In the first year of the project, the individual elements will be scaled and integrated to create a data generation plan that balances the shorter-term goal of identifying hits for high-priority proteins with the longer-term goal of generating data that will advance computational hit finding. The most likely screening cascade will involve screening each protein first by AS–MS against an exploratory (~15k) library whose composition will be made openly available. The rationale is that this screen is scalable, yields a direct binding readout, is the most cost effective and will most rapidly identify those proteins that are readily ‘ligandable’. The exploratory screen will also flag proteins that have physiochemical properties that render them unsuitable for AS–MS or DEL and will not be screened further. For example, the exploratory screen would flag proteins that appear stable but that in fact have transiently unfolded regions that may bind large numbers of compounds nonspecifically.
Stable and monodisperse proteins that do not yield hits from the AS–MS exploratory screen, or for which greater chemical diversity or large datasets are required, will be channelled into screens with larger chemical libraries, using both AS–MS and DEL. The proposed screening cascade will be reviewed periodically and adjusted to optimize the process or incorporate other screening approaches as needed.

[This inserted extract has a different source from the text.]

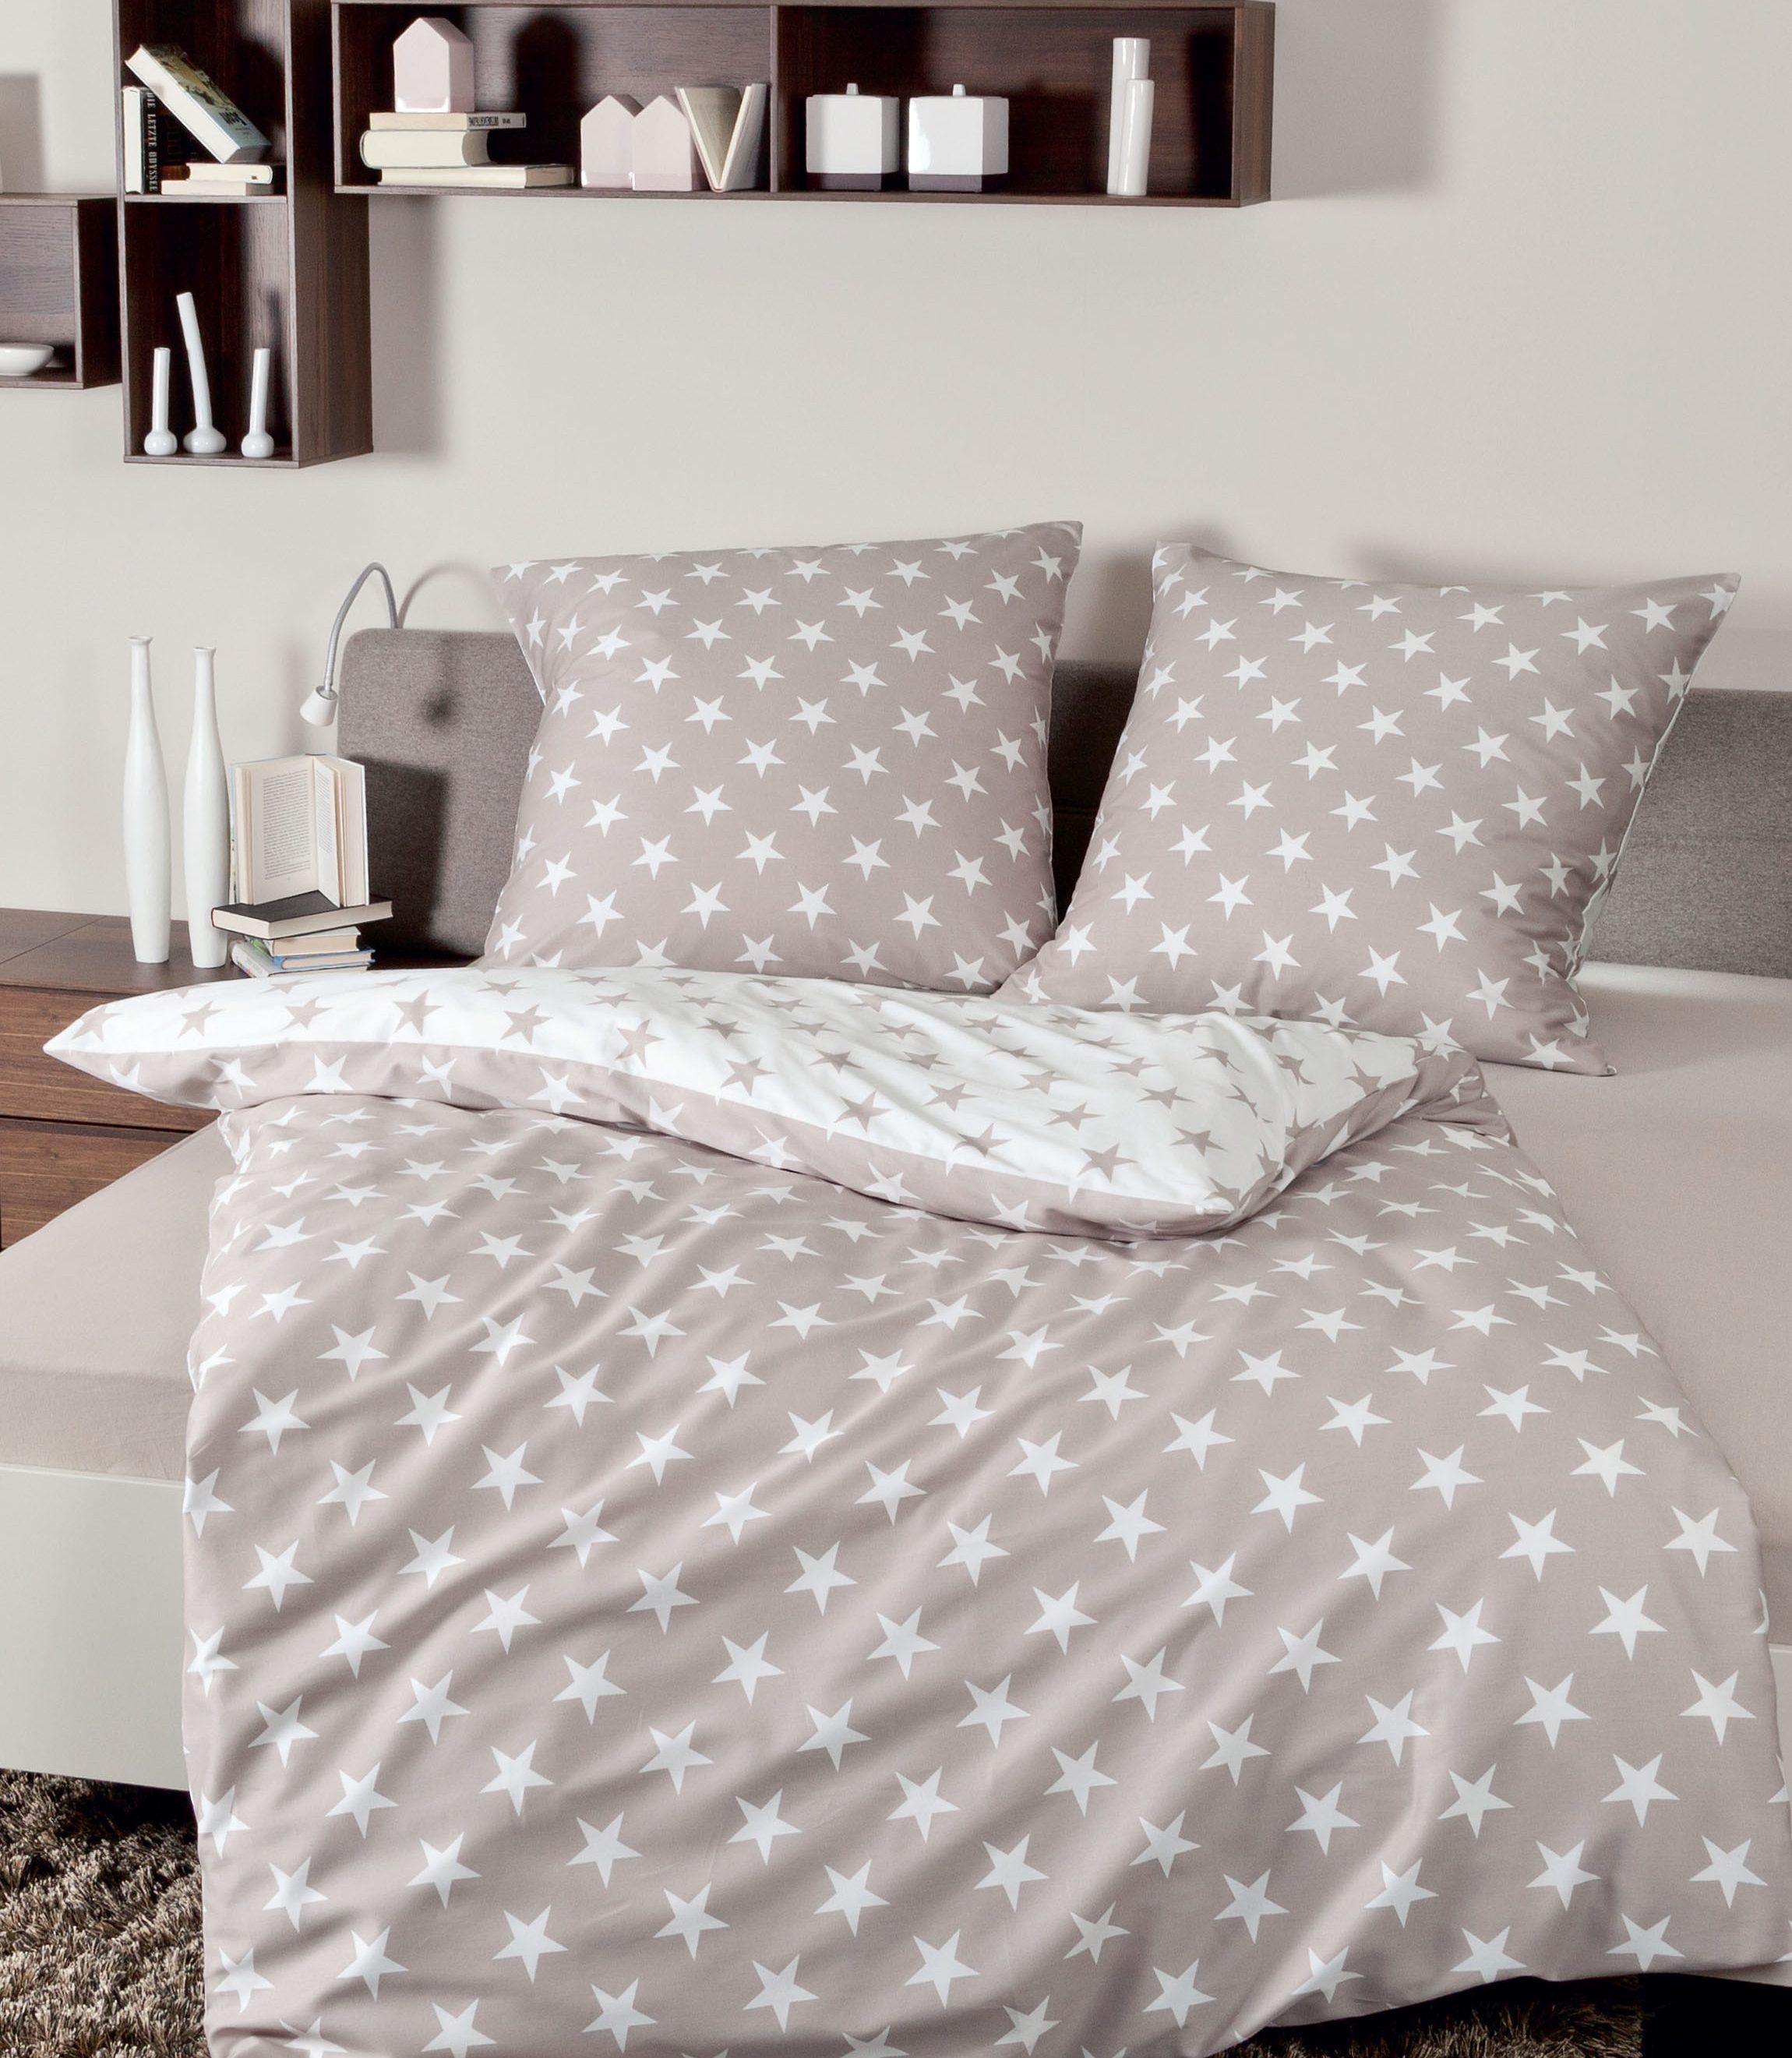 bettw sche sterne gr n bettw sche sterne 155220 elegant fotos bettw sche 155220 cm. Black Bedroom Furniture Sets. Home Design Ideas
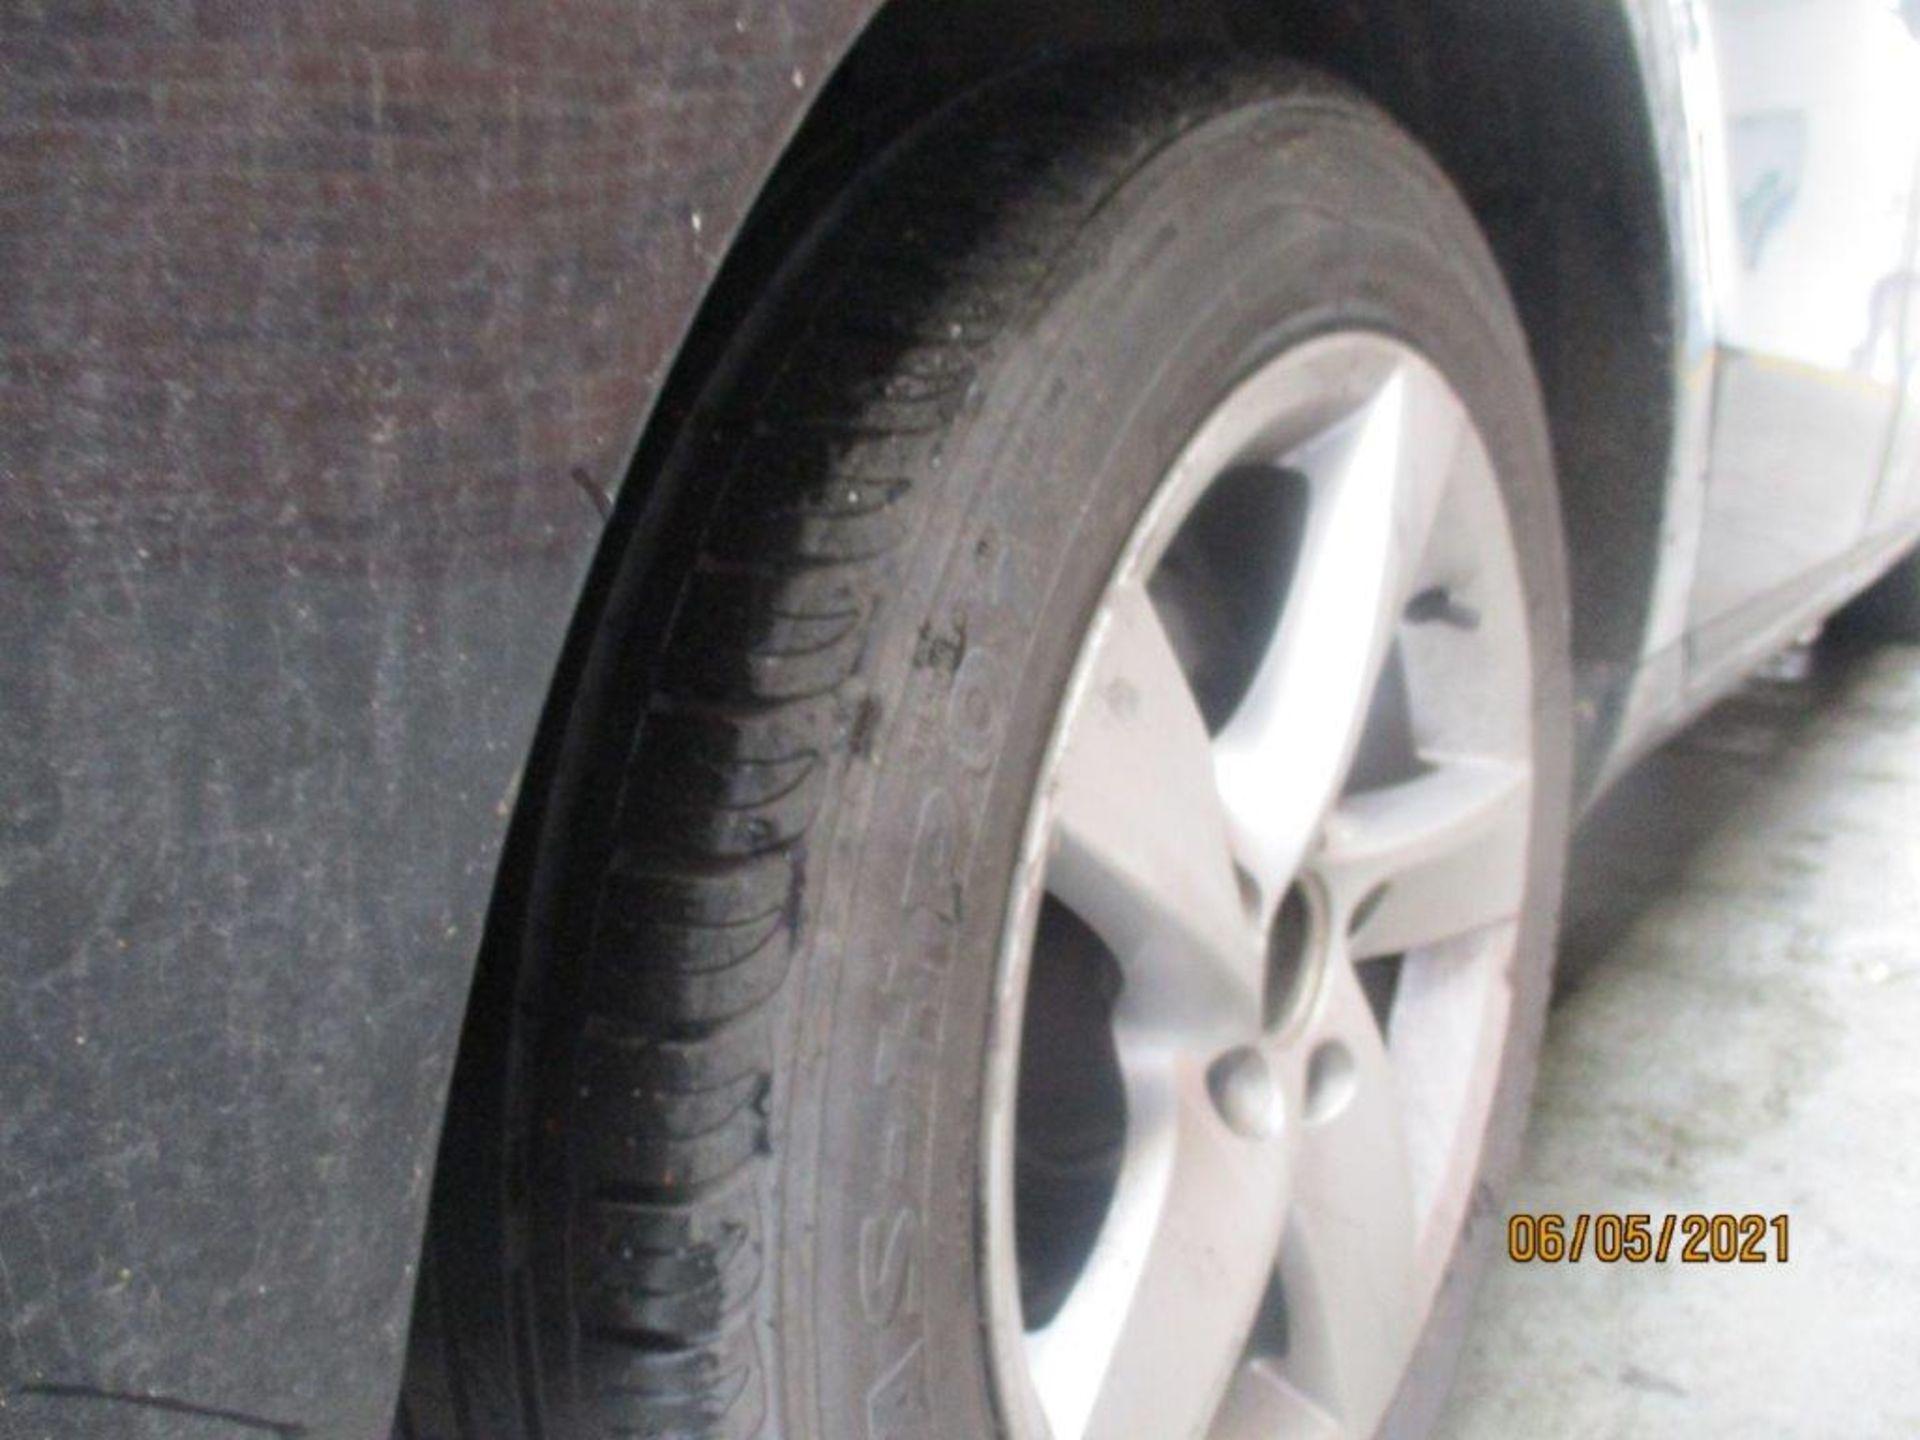 13 13 VW Passat S Bluemotion Tech - Image 18 of 29

Encouraging community contributions
Active participation of the wider scientific community will be essential to meet the project goals. Robust community engagement will be made feasible only by adopting open science principles within the project. For clarity, this means compounds, data and algorithms developed using project resources will be made available without restriction on use, and without intellectual property constraints. This open science position provides a clarity of purpose and short-circuits what could be prolonged and complex discussions over ownership of compounds and algorithms. In keeping with this position, there will also be no restrictions on subsequent research or commercial use of data, chemical structures and algorithms generated using project resources. With this as background, community contributions in the following areas are envisioned (Table 3).
Protein scientists
Structural biologists, and protein scientists more broadly, often have unique expertise in purifying proteins in their scientific areas of interest. Community members would be encouraged to contribute their purified proteins to the screening process. For the project, this will expand the diversity of the protein–ligand datasets. For the contributing scientist, this could provide open access to hits that they can pursue without restriction in their own laboratories. Already >30 protein scientists have sent proteins to Toronto for AS–MS screening, including from Brazil, the UK, Canada, Germany, Sweden and the USA, and binders for 8 of these community proteins have already been identified, verified by surface plasmon resonance, and shared with the contributor (for example, Wang et al.51). Tapping into this diverse community at a larger scale will bring enormous scientific benefit, but will also add logistical burdens, so the project will need to implement this process carefully.
Data generation
Project screening data would be generated initially using the AS–MS and DEL screening platforms in selected hubs. However, there are clear advantages to expanding the number of participating screening laboratories, and the range of data generation technologies. Accordingly, new screening methodologies would be explored on a continual basis. To manage this process, a set of ~25 well-characterized, diverse and ligandable proteins that will have been screened comprehensively through all the initial platforms will serve as a technology test set for new screening hubs or technologies. The project board and its scientific advisers will review all data and provide recommendations about adding new centres or technologies.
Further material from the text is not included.